:: ASSIGNMENT ::
Copy the data exactly; pictures stay out of the copy.

:: DATA SECTION ::
-------

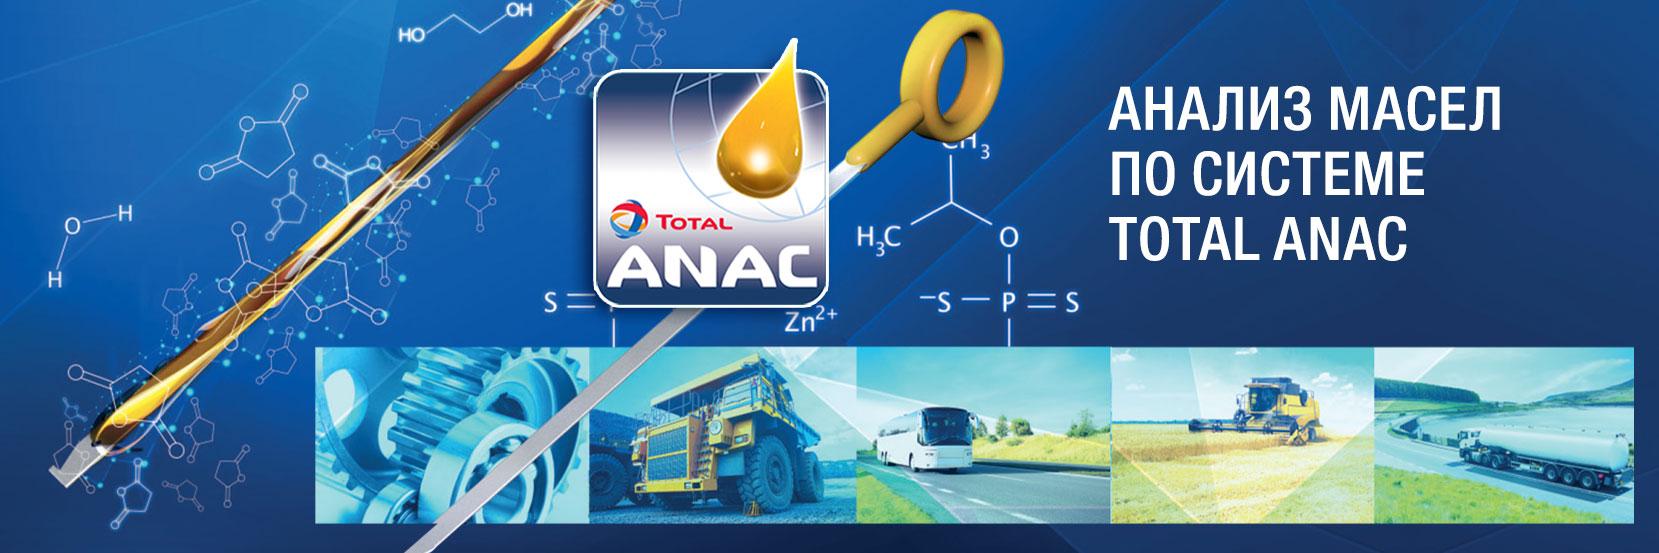 Диагностика масел по системе TOTAL ANAC
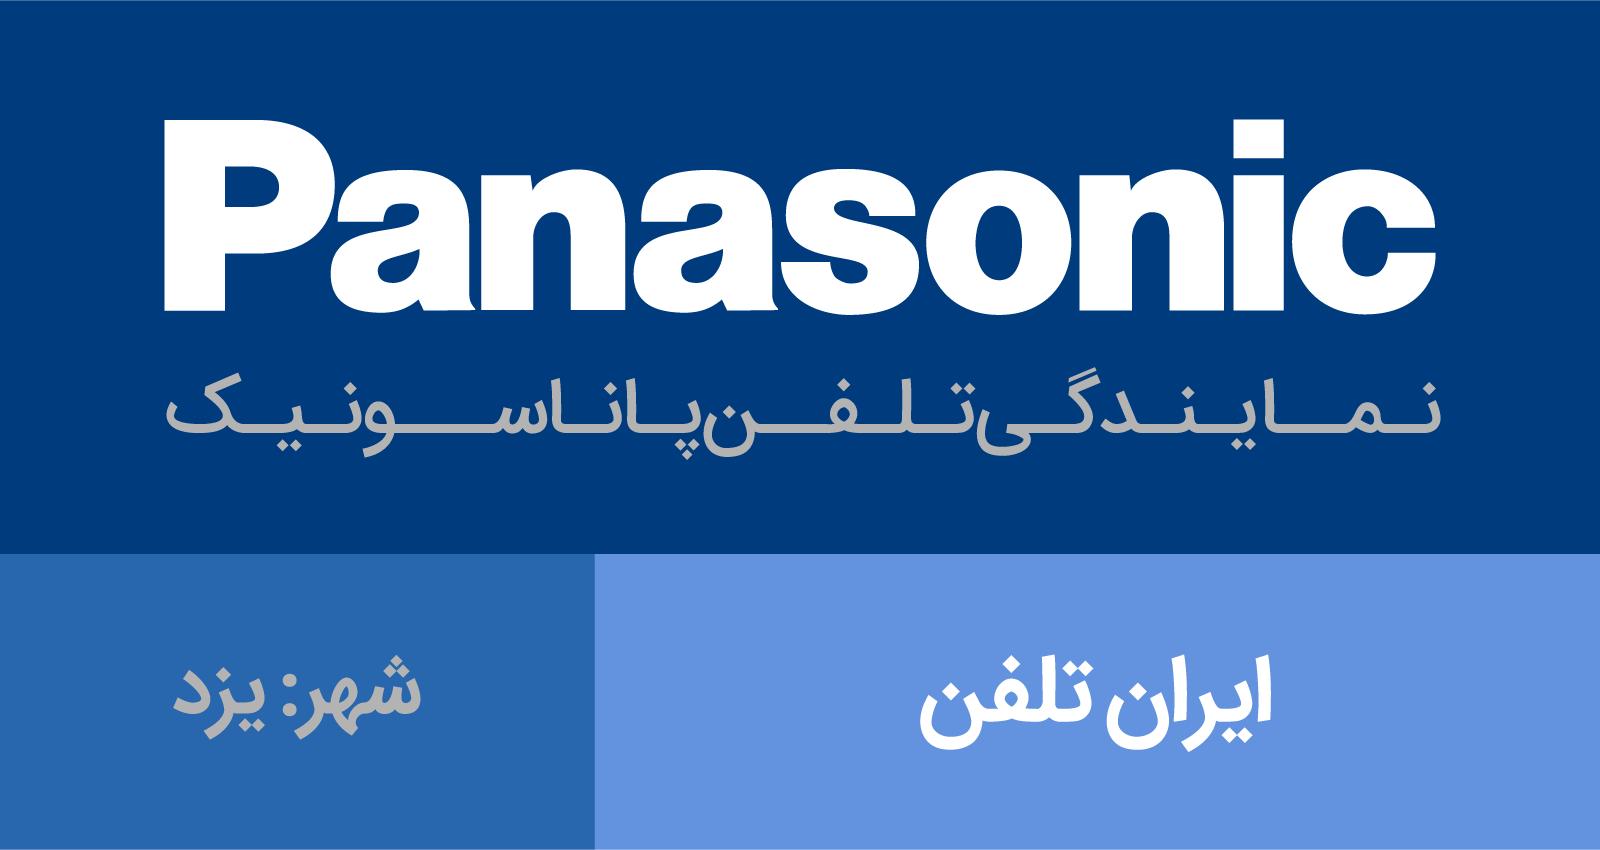 نمایندگی پاناسونیک یزد - ایران تلفن
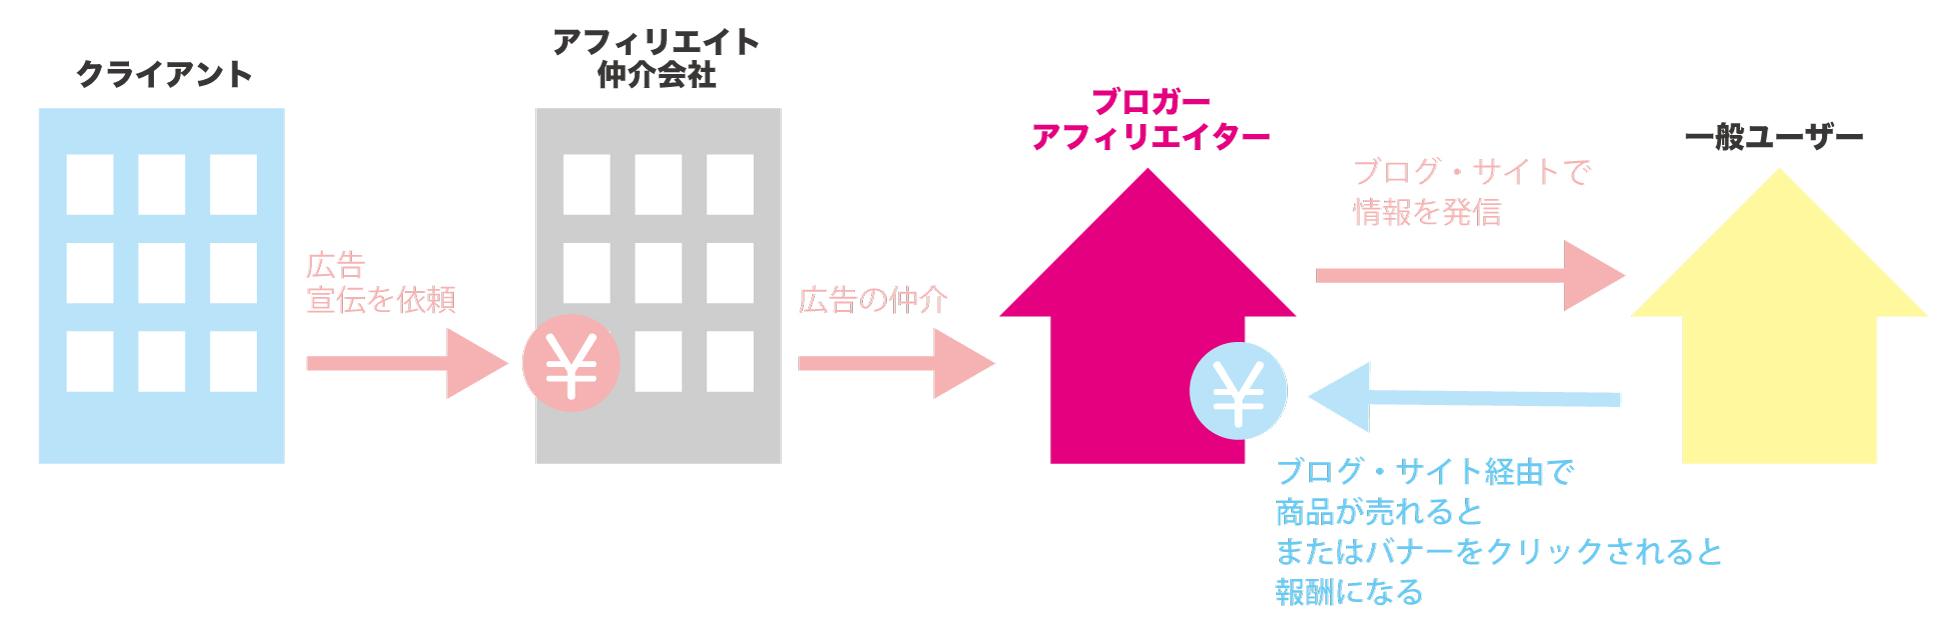 アフィリエイトの仕組みの図解

-------

:: ANSWER FOR THE TASK ::
 Диагностика масел по системе TOTAL ANAC
 نمایندگی پاناسونیک یزد - ایران تلفن
 アフィリエイトの仕組みの図解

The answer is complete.